Published September 18, 2018
5 billion people worldwide lack access to timely, safe, and affordable surgical care. In many places, the challenges to provision of this care are daunting. Health systems lack basic human and material resources, rudimentary education regarding congenital anomalies and need for referral at the primary care/midwife/rural medical center level, and safety and transportation logistics.
I previously worked in Goma, a city in the eastern part of the Democratic Republic of the Congo, and partnered with the humanitarian group Doctors Without Borders. Our team, which includes UB faculty as well as colleagues from Université Libre des Pays des Grand Lacs, aims to investigate the barriers that face children with surgically correctable congenital anomalies, acquired infection diseases with need for surgical intervention, and traumatic injuries in Goma. Our ultimate goal is to develop pediatric surgery infrastructure for the region near the Ugandan and Rwandan borders.
In order to improve provider education, we have teamed with Congolese medical students from the Université Libre des Pays des Grand Lacs and physicians from our UB team (including medical students) to create rudimentary pictorial diagrams that may help local practitioners identify surgically correctable congenital anomalies.

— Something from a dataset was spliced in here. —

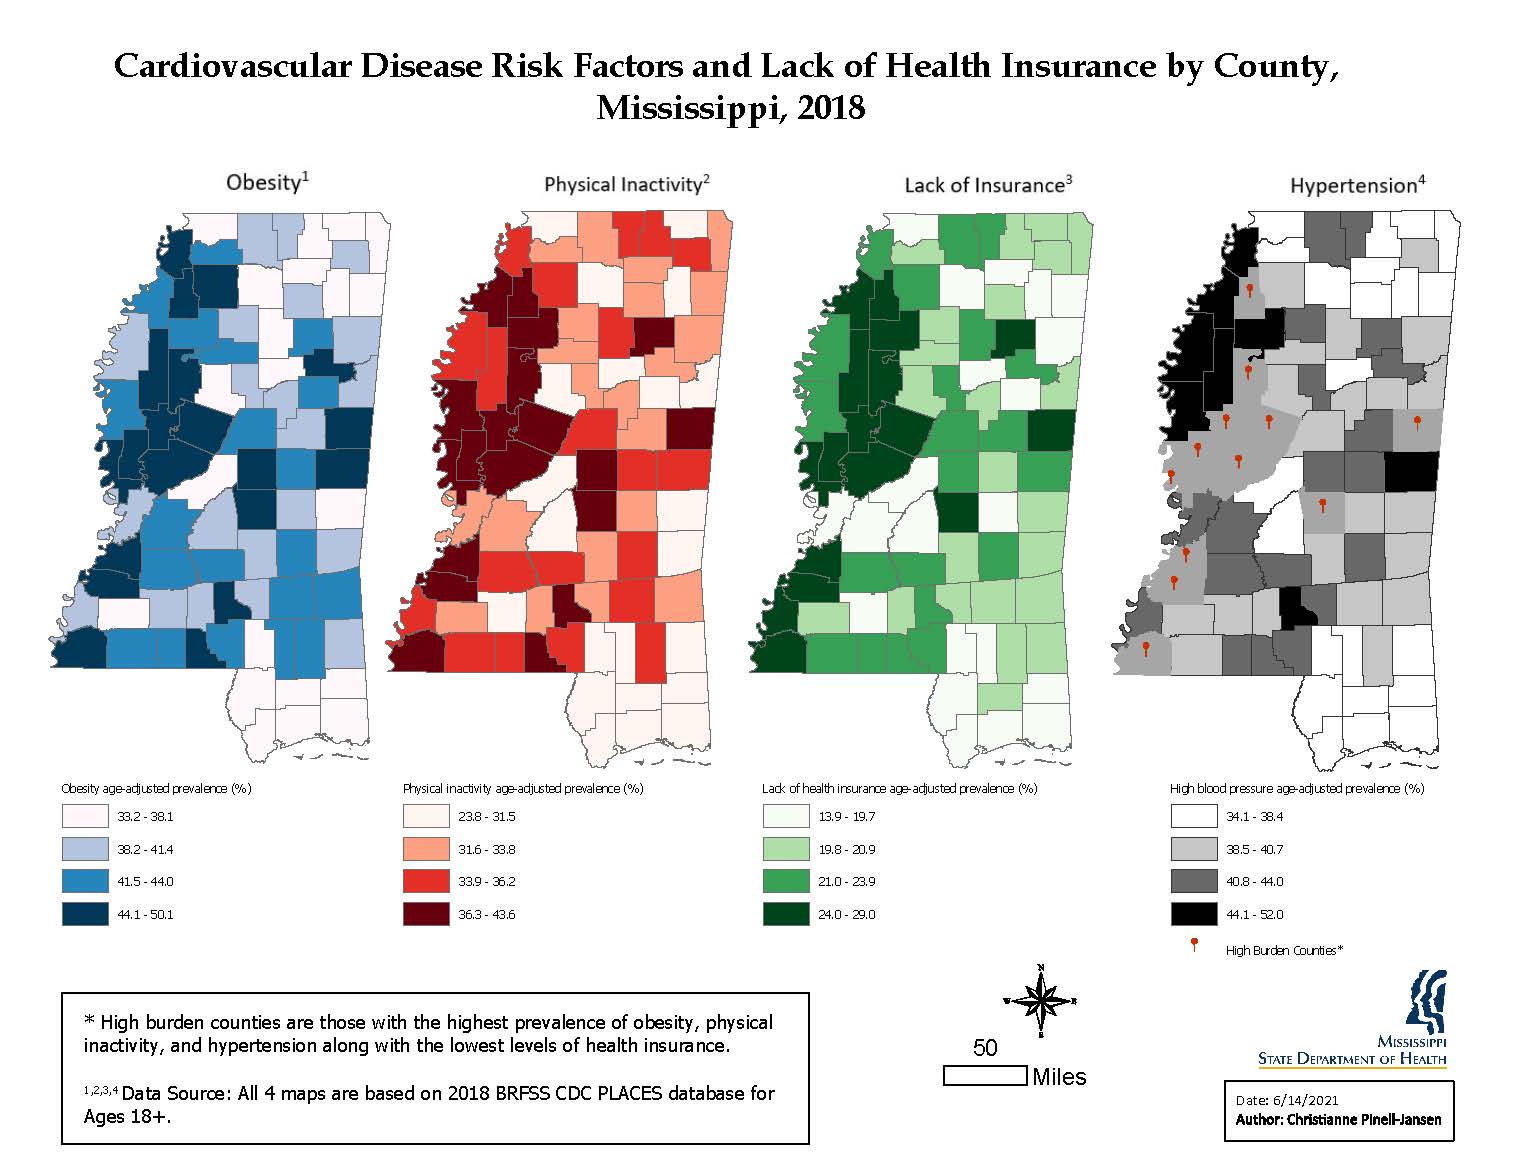 Cardiovascular Disease Risk Factors and Lack of Health Insurance by County, Mississippi, 2018
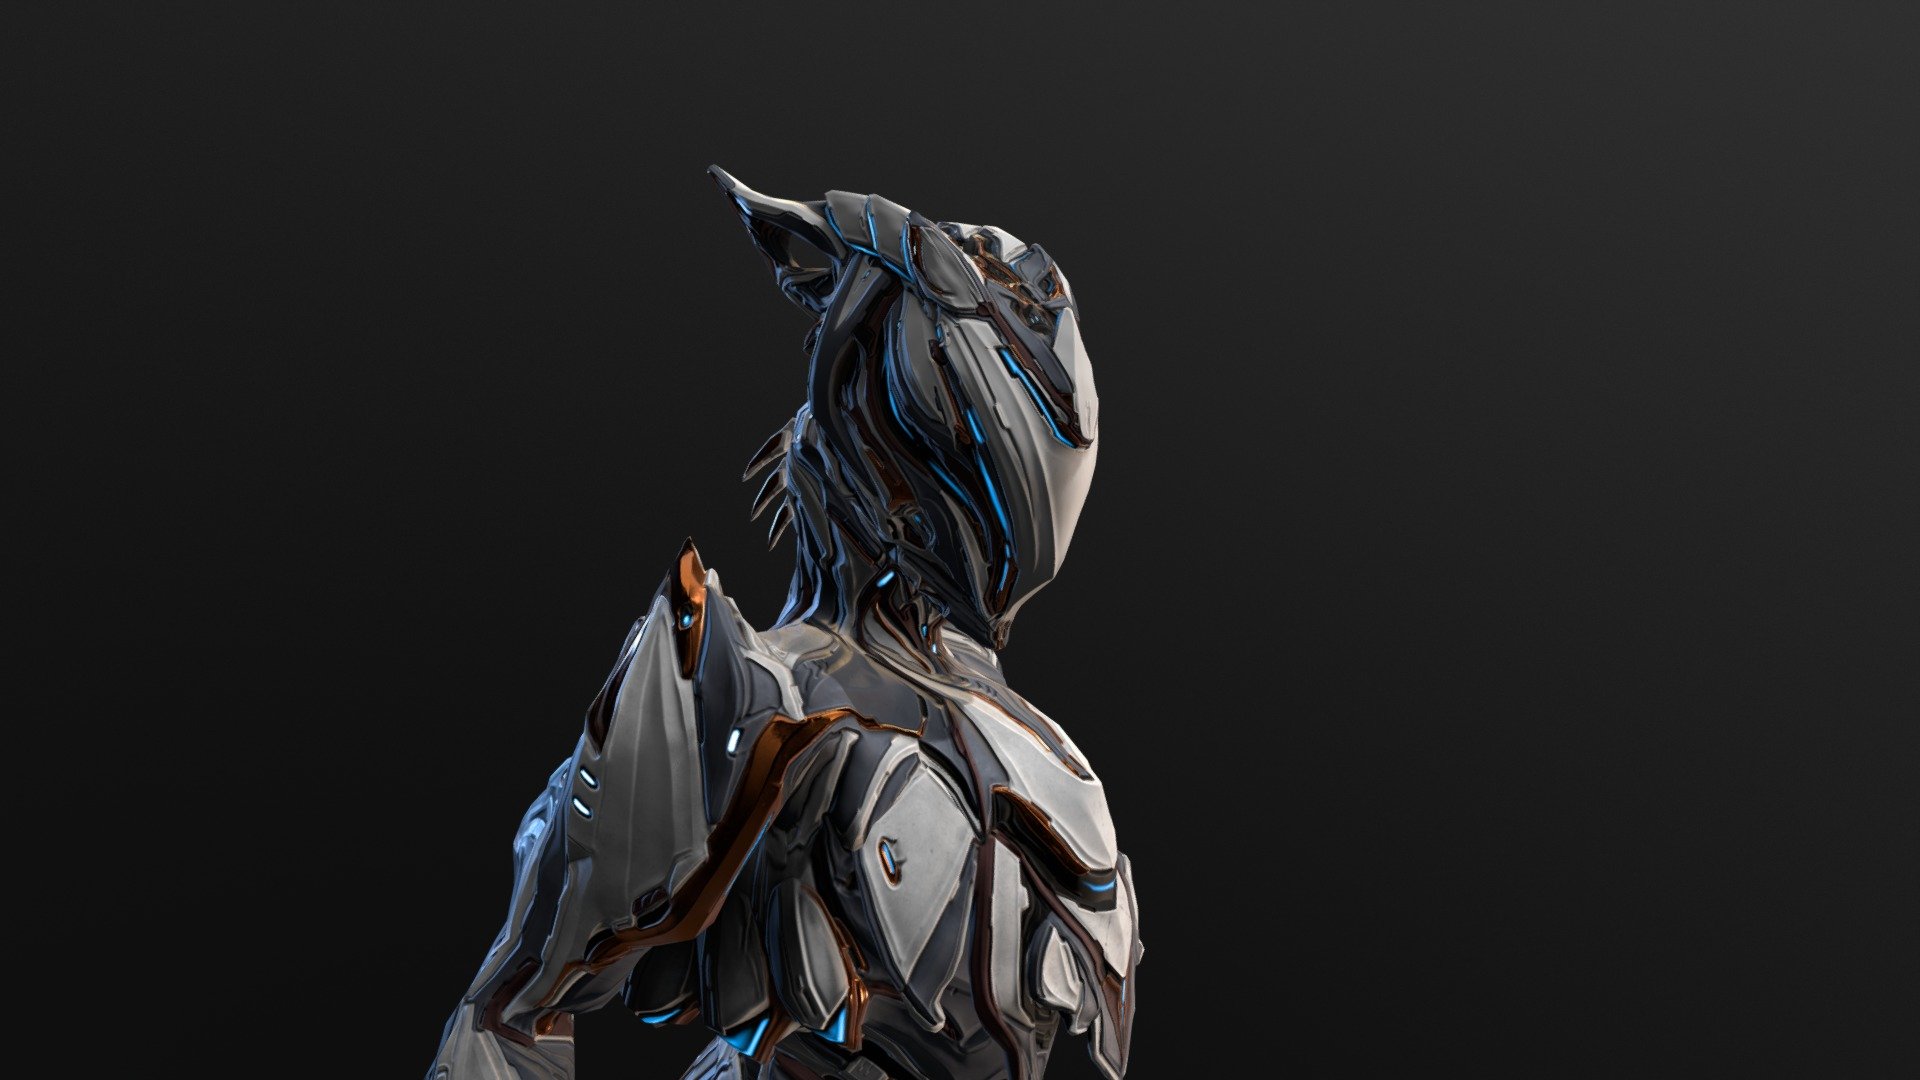 Skin and alt helmet for character Zephyr and model swap for Galatine(Heavy Blades). Original character and body mesh belongs to Digital Extremes - Strafe Zephyr Skin and alt helmet - 3D model by prosetisen 3d model

Most recently, we developed and conducted hospital-based surveys to quantify the hospital’s capacity to provide pediatric surgical care. We selected hospitals representing a wide geographic area and accessibility. Findings from these surveys are being analyzed and will inform future work.
Transportation in this region is challenging, and one of the primary reasons patients from rural areas fail to reach higher-level medical care. Safety concerns due to troop and rebel group movements, poor road infrastructure (particularly during rainy seasons), and financial constraints due to widespread extreme poverty have a direct effect on patient health. In order to better quantify the transportation challenges and potential solutions, our partner, Dr. Enki Yoo, associate professor of geography at UB, will create geomapping heat maps displaying average travel distances patients face to access various levels of surgical care.
Security concerns as well as a recent Ebola outbreak exemplify the uncertainties that exist in conflict zones. Although these challenges affect our research timeline, our work in Goma continues. We are most concerned with the health and wellbeing of our partners and the population.